University of Washington, Seattle WA
PhD. in Biology, University of Washington, Seattle WA
Ph.D. dissertation: Exclusion, Amelioration, Tolerance: An investigation of the physiological basis for tolerance in serpentine Mimulus guttatus
B.S. in Botany, University of Washington, Seattle WA
Emily studied at the University of Washington Department of Biology where she earned a Bachelor of Science in Botany and a doctorate in Biology. For her dissertation she focused on the physiological adaptation of a wildflower native to the Western United States to serpentine soils. During her time at the University of Washington, she was a teaching assistant in lecture and laboratory-based courses in botany, animal and plant physiology and ecophysiology, and taught lectures and labs in advanced plant physiology. She was also an active participant in the departmental greenhouse and medicinal herb garden docent program, providing tours to students of all ages, from preschoolers to adult learning programs. She is currently a postdoctoral researcher in a plant physiology lab at the University of Florence where she studies plant responses to abiotic stress and is currently a contract professor at the University of Teramo in botany and plant physiology.
Emily is convinced that understanding the complexity of the natural world requires us to use all our senses.

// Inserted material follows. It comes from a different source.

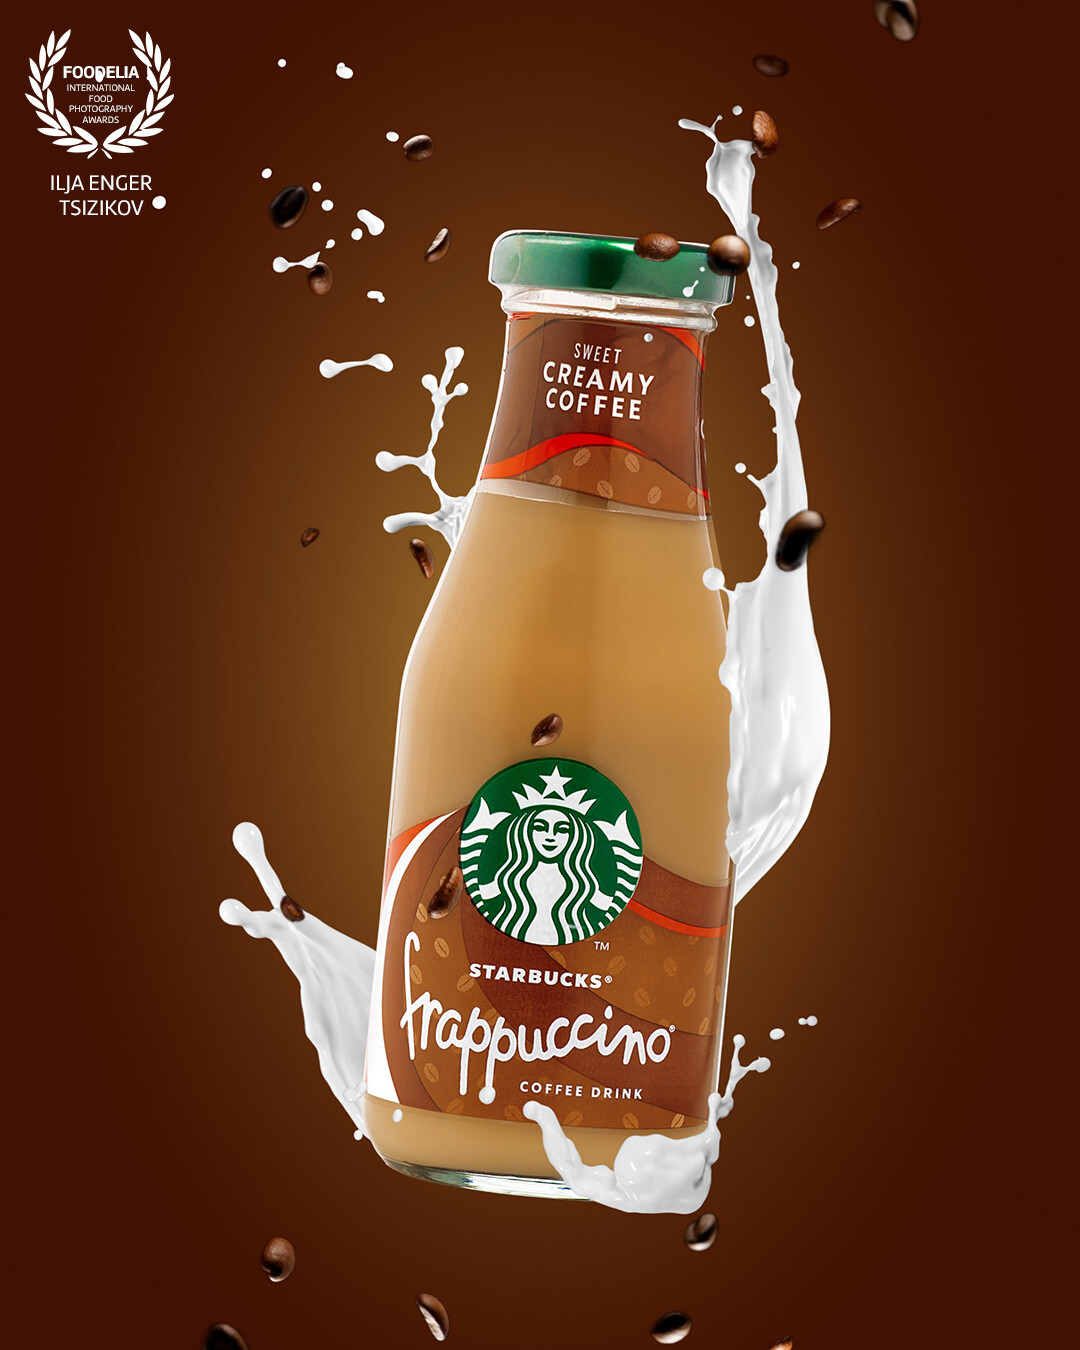 Frappuccino is a line of blended iced coffee drinks sold by Starbucks. It consists of coffee or crème base, blended with ice and ingredients such as flavored syrups and usually topped with whipped cream and or spices. Wikipedia<br />
Introduced: 1995; 28 years ago

Though technology has expanded our capacity to measure plant responses to their environment, we are at risk of losing our skills of observation and the simple joy of being awestruck by nature. Emily works to incorporate hands-on activities in both the lecture and laboratory to enrich her students’ understanding of the underlying principles in biology and chemistry. She encourages them to take the time to make observations and reflect as these are key components of the scientific method.